What I thought was the problem wasn’t. Money, whatever the cost, could retrieve the van. The problem was that he could not sign the license application for his son because the name I put on the application was Jacob, which simply was not true.
Passing a public garden, he took my hand in his and led us to a bench under a few palm trees. We sat. He cleared his throat twice, heaved a sigh, and said, "Boychick [a Yiddish nickname like kiddo that he had for me], have you noticed that your aunt Hazel never comes to visit us at our home?"
Yes,
I replied, for I knew that he and Hazel simply did not see eye to eye.
"Well, there’s a good reason I won’t let her come through my door. You know how all ten darn Schlefsteins [Mom’s siblings] are crazy about giving themselves and their kids American-sounding names to make it seem as though they are really an original part of American life here, even though we Jews, many of us, very religious, all came from faraway other places. Hazel was born Hannah, Moish became Murray, Itzhak became Irving, Arthur was born Aaron, etc., etc., etc. The day after you were born, Hazel visited the hospital just before I got there.
‘What are you and Samuel going to name him?’ she asked Mom. ‘Jacob Samson’, Mom replied. ‘Is that what you really want?’ Hazel asked. Mom was hesitant. Hazel heard my footsteps in the hall and scooted away with the briefest bye-bye.

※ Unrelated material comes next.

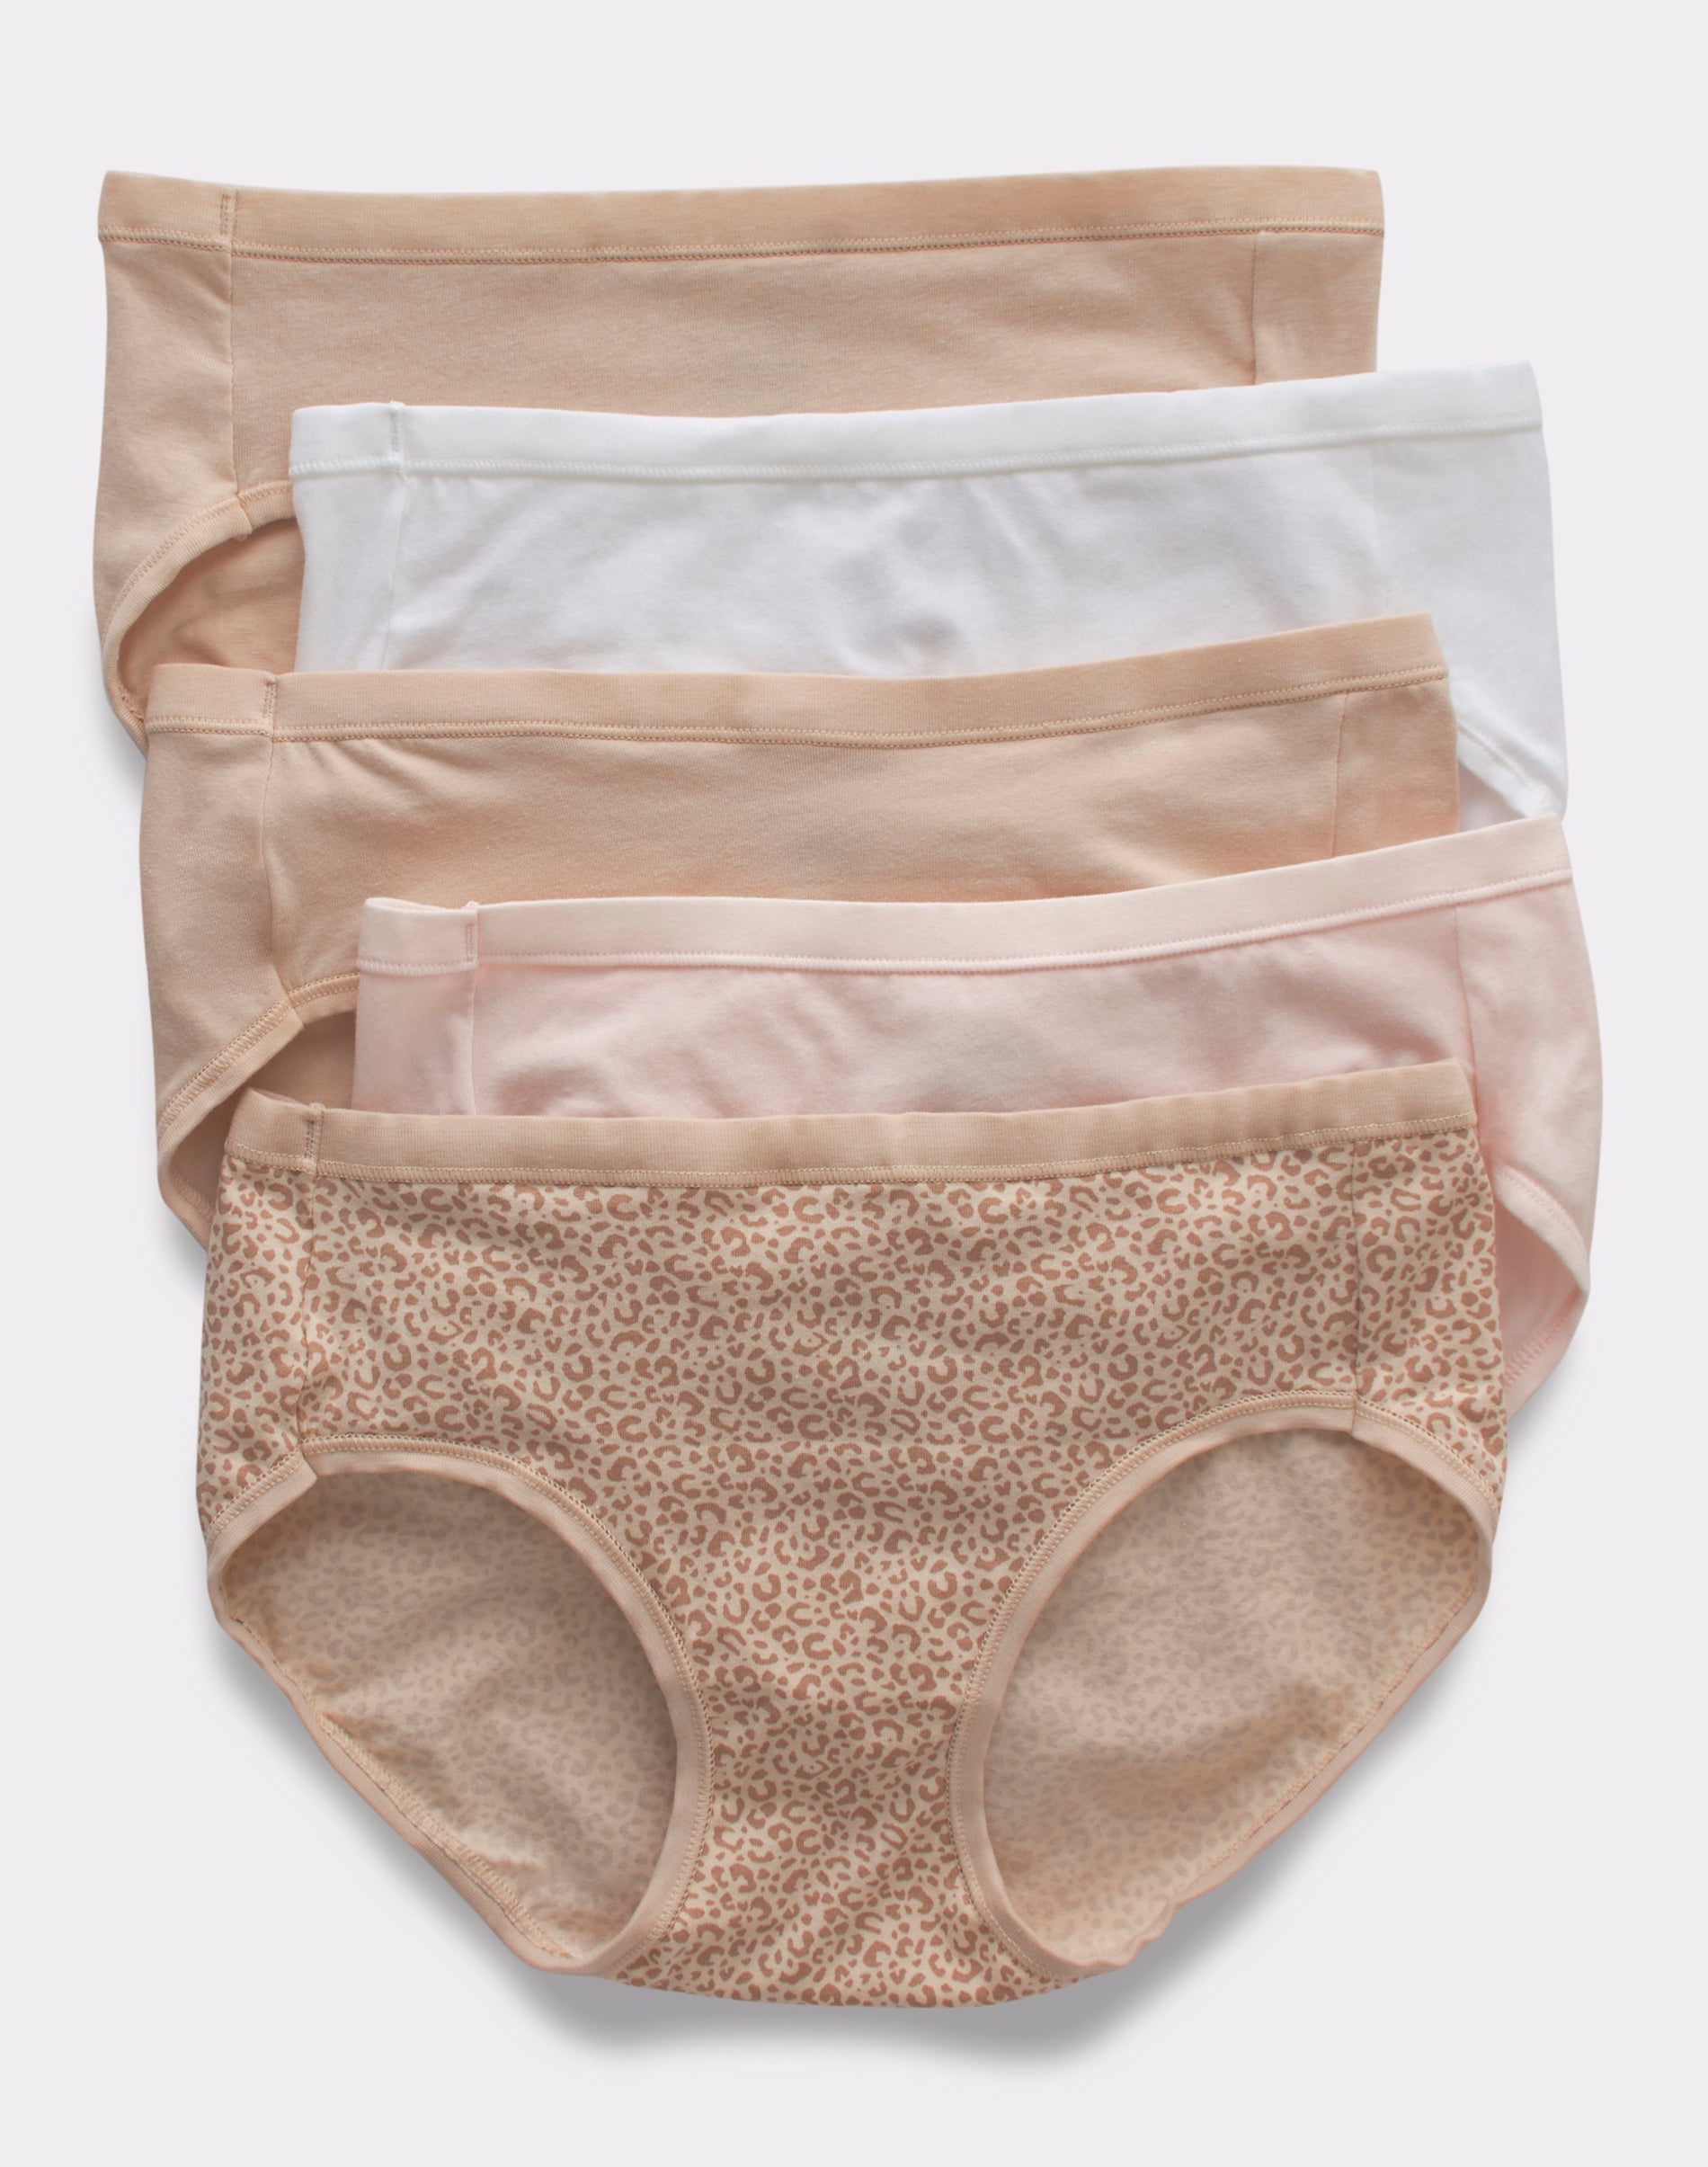 Hanes Ultimate ComfortSoft Women’s Hipster Underwear, 5-Pack Soft Taupe  Heather/Light Buff/Classic Leopard Print/White/Soft 5

"Next day, when I arrived at the registry, the man behind the counter began to laugh. ‘Mr. Doctorow,’ he said, ‘it is quite rare that brothers have sons on the same day.’ His voice slowed and grew softer as he reread the notations in the big book. ‘At the same hospital… with the same wife!’ he shrilled. ‘What the hell is going on here?’ It was obvious! Hazel beat me to the registry. You were, and still are, registered as Jarvis [no middle initial] Doctorow.
I begged the registrar to fix it right then and there, but he said that it could only be done after a long and costly procedure, which we simply could not afford at that time.
With his arm still around my shoulder, he continued, So I’ll sign the application with your real name, but you’ll drive, not so much, of course. But when you do, very, very carefully, and we’ll all keep it a secret.
* * *
And so it was, Jean-Paul. For the outside world, I continued to use my alias. I remained Jack or Jacob until three years later, when I joined the army.
Chapter 2
In the Beginning
Cousin Morris owned and operated two dairy farms in central New Jersey, a creamery and an egg-processing operation closer to New York, three retail milk-butter-and-egg stores in Brooklyn, and two trucks that linked his modest empire.
His farm managers and several employees who lived locally were from families that had originally owned the farms but were happy to exchange the risk-prone peaks and valleys of entrepreneurship for a bundle in the bank up front and steady weekly checks that were paid for work they did very well and loved to do.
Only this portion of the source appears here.